Фирмин. Из жизни городских низов - [7]

Шрифт
Интервал

И перед лицом этой их правоты, унизительной очевидности их сокрушительного приговора — сокрушительного, какое дивное слово! — хочется крикнуть себе самому, как кричал старик Эзра Паунд, запертый в своей Пизанской крысиной клетке: «Смири свое тщеславие, смири, тебе говорят». Паунд, он был Великий.
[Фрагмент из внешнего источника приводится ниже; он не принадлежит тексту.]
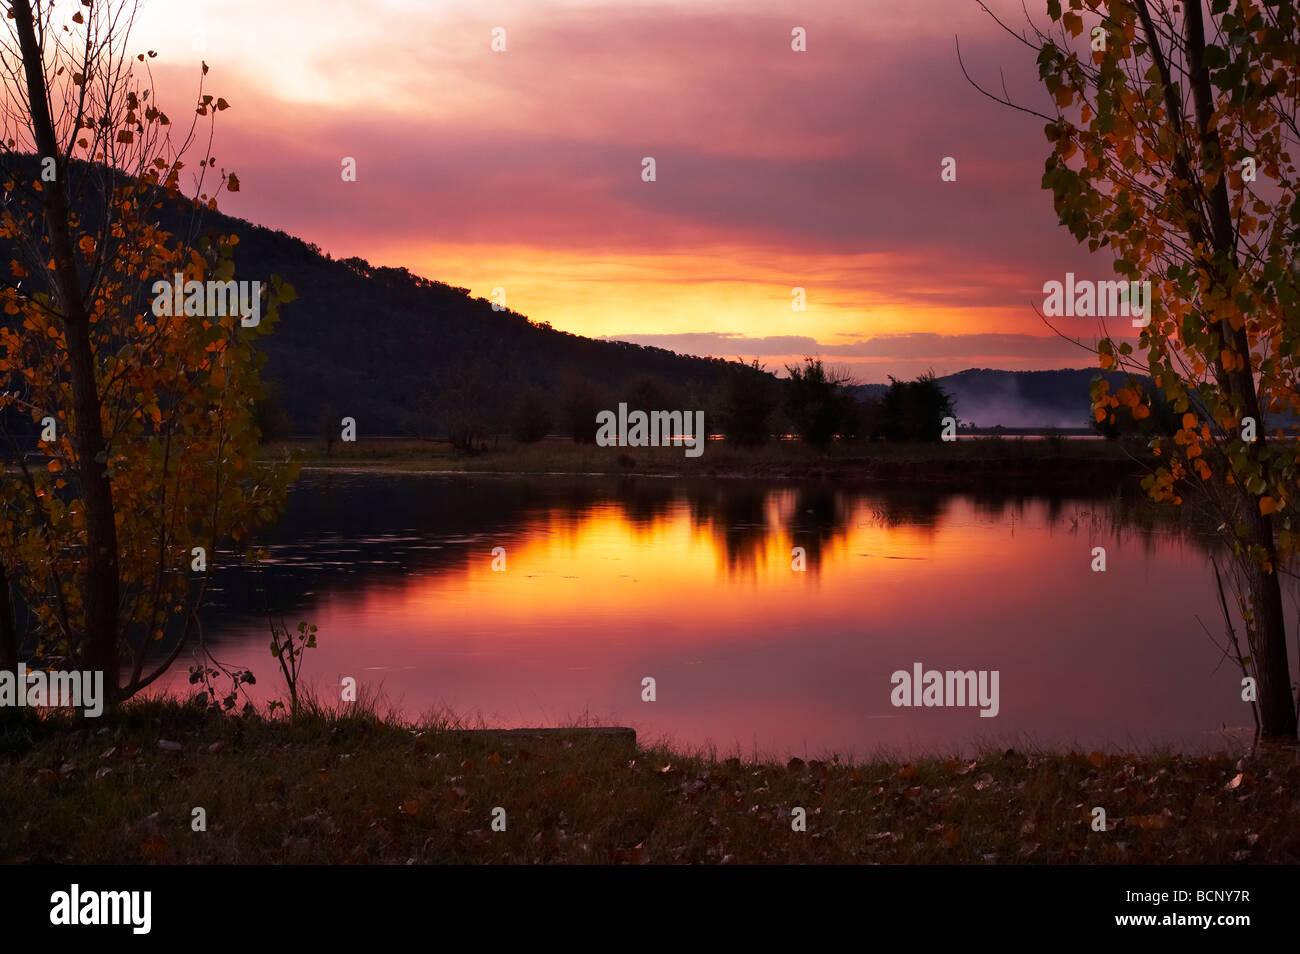 Sunset though Smoke from Burnoffs Khancoban Pondage Snowy Mountains Southern New South Wales Australia - Stock Image

Ну да ладно, хватит. Тогда, совсем маленький, я понятия не имел о подобных муках. Тогда, мостясь на самой нижней ступеньке общественной лестницы, все равно я был щедро взыскан дивной судьбой, играл — не знал печали, и в книжном магазине прошли мои счастливейшие дни. Или, лучше сказать, мои счастливейшие ночи и воскресенья, ибо я не смел выйти в мерцающий простор, когда в лавке толклись покупатели. Из своего темного подвального убежища мы слушали гул голосов, скрип шагов по потолку. Слушали и дрожали. Иногда шаги уходили с потолка и спускались в наш подвал по деревянным ступеням. Обычно после этого спуска ненадолго наступала тишина, но порой он сопровождался кряканьем, кряхтеньем, оханьем и стонами, даже какими-то необъяснимыми взрывами, которые ужасно нас пугали. После чего слышалось урчание воды, а потом шаги снова поднимались по лестнице. Топот шагов, поднимавшихся наверх, никогда не был так громок, как нисходящий топот.

Глава 3

Однажды ночью, рыская под стрелкой УЦЕНЕННЫЕ КНИГИ, я обнаружил грубую дыру в кладке там, где большая черная труба выходила из стены. Она проползала по полу и юркала в супротивную стену под стрелкой КЛОЗЕТ. На этой стене полок не было, только дверь, и всегда закрытая притом. Я сунул нос в дыру и принюхался. Пахло крысами. Труба входила в стену, потом сворачивала, а дальше шла прямо вверх. Хоть и очень большая, труба не заполняла всю для нее заготовленную дыру, и кладка вокруг была рваная, зубчатая. Я тогда ужасно был любопытный, да и запах не сулил беды, хоть и был не совсем тот, что родной, знакомый, привычный крысиный запах. Как-то скучнее, что ли.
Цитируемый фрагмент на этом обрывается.